Saw some little white worms wiggling around near a clutch of developing eggs (2 good, 1 bad). Likely nematodes or similar? I sometimes see these on my glass as well when it's wet.

Should I be concerned at all? You can see one in front of the embryo on the right, here:


----------



## FroggerFrog (Jan 11, 2021)

Hmmm...
I’m 75% sure this is a grindal worm. They pose no harm and eat unfertilized eggs. Usually, you can see them climbing in your viv all the time.

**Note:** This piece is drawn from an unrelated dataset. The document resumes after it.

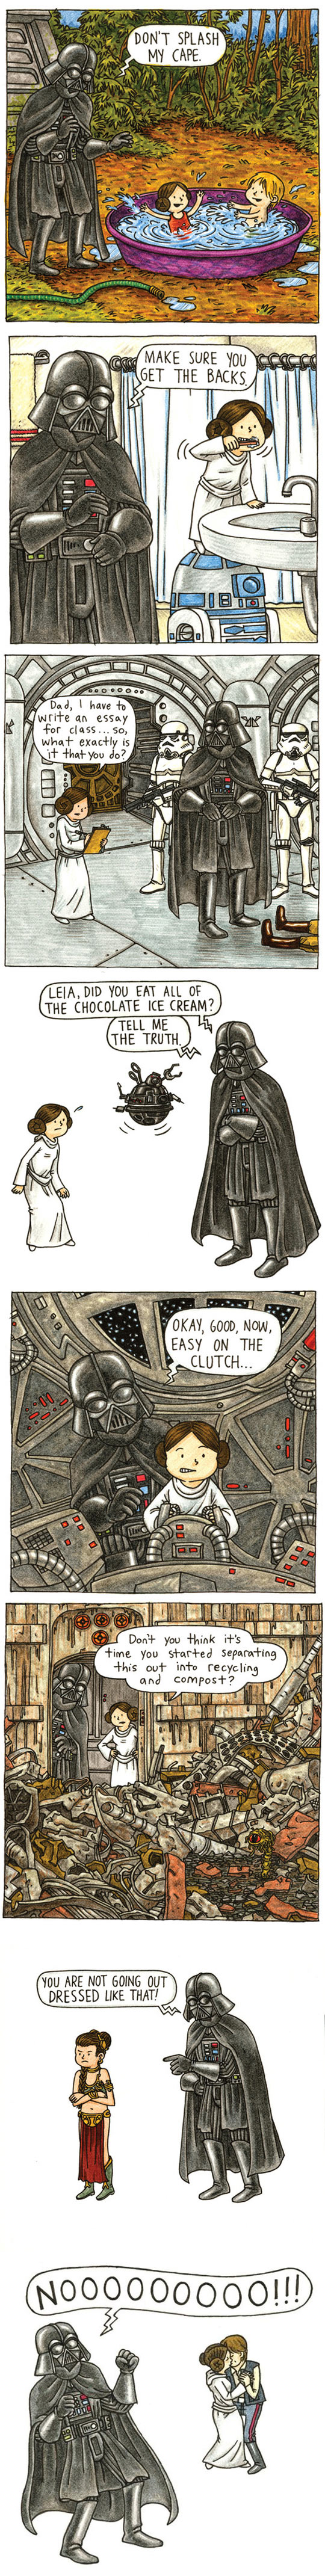 funny-Darth-Vader-father-adventure

I would worry maybe if your frogs were WC but I doubt it.


----------



## mikemakesapps (Mar 11, 2019)

I have these in one of my vivs... I think @FroggerFrog is right with the grindal worm id. They seem harmless, aside from the fact that they're really gross and creepy (sorry if I offend any worm-lovers out there!)

I've seen them eating eggs in my viv too, but as far as I can tell they leave fertilized / developing eggs alone. Basically they act like an uninvited member of the clean up crew team alongside springs and isos.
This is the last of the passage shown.